FIG. 90 is a block diagram illustrating a detailed configuration example of the encoding device 460 of Fig. 87.

Note that in the diagram, parts corresponding to those of the encoding device 160 of FIG. 61 are designated by the same reference numerals, and the description thereof will be omitted as appropriate below.

In FIG. 90, the encoding device 460 includes the A/D conversion unit 201, the sorting buffer 202, the calculation unit 203, the orthogonal transformation unit 204, the quantization unit 205, the reversible encoding unit 206, and the accumulation buffer 207. Moreover, the encoding device 460 includes the inverse quantization unit 208, the inverse orthogonal transformation unit 209, the calculation unit 210, the frame memory 212, the selection unit 213, the intra-prediction unit 214, the motion prediction compensation unit 215, the predicted image selection unit 216, the rate control unit 217, and an ILF 511.

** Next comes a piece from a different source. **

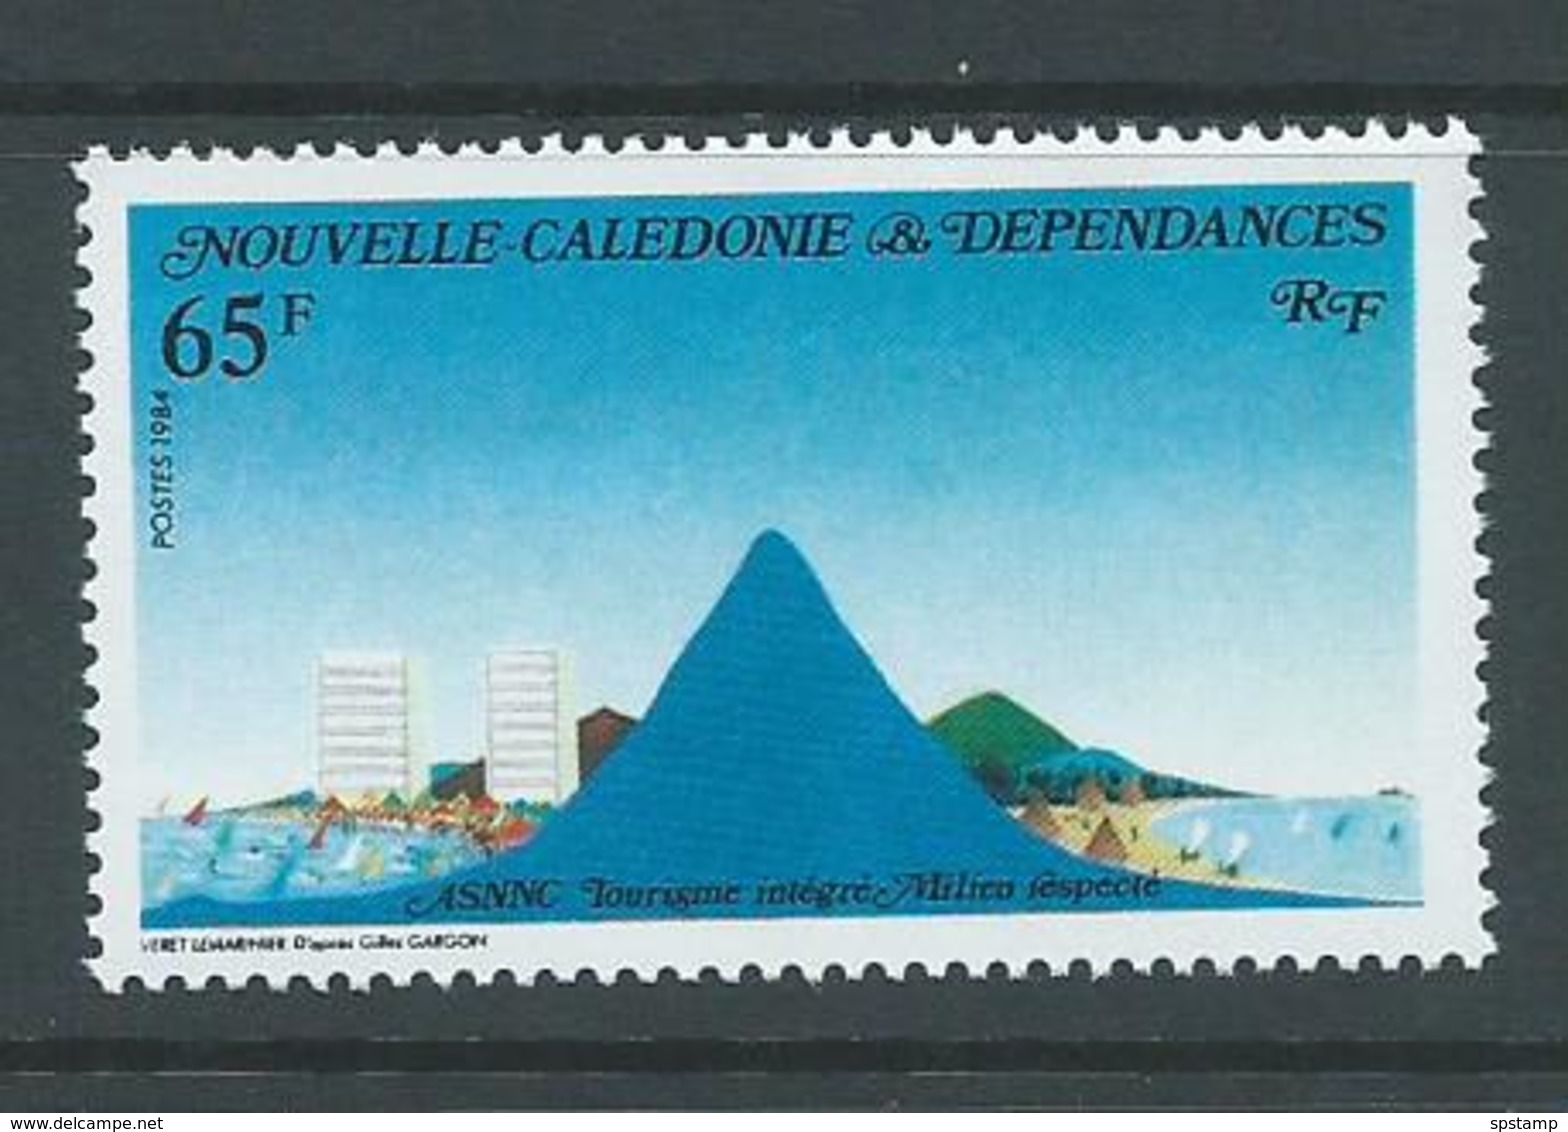 New Caledonia 1984 Environment  65 Fr Single MNH - Used Stamps

Therefore, the encoding device 460 is common to the encoding device 160 of FIG. 61 in that it has the A/D conversion unit 201 to the calculation unit 210, and the frame memory 212 to the rate control unit 217. However, the encoding device 460 differs from the encoding device 160 in that it has the ILF 511 instead of the ILF 211.

The ILF 511 is configured similarly to the class classification prediction filter 410 with the learning function (FIG. 85), for example, and functions as one or two or more filters of a deblocking filter, an adaptive offset filter, a bilateral filter, and an ALF by performing the filtering process as the class classification prediction process. In a case where the ILF 511 is configured to function as two or more filters of a deblocking filter, an adaptive offset filter, a bilateral filter, and an ALF, the arrangement order of the two or more filters is arbitrary.

The decoded image is supplied to the ILF 511 from the calculation unit 210, and the original image for the decoded image is supplied from the sorting buffer 202.

The ILF 511 uses, for example, the decoded image from the calculation unit 210 and the original image from the sorting buffer 202 as the student image and the teacher image, respectively, to perform the tap coefficient learning, and obtains the tap coefficient for every initial class. In the tap coefficient learning, the initial class classification is performed using the decoded image as the student image, and the tap coefficient is obtained by the least squares method, the tap coefficient statistically minimizing the prediction error of the predicted value of the original image as the teacher image obtained by the predictive equation formed by the tap coefficient and the prediction tap for every initial class obtained by the initial class classification.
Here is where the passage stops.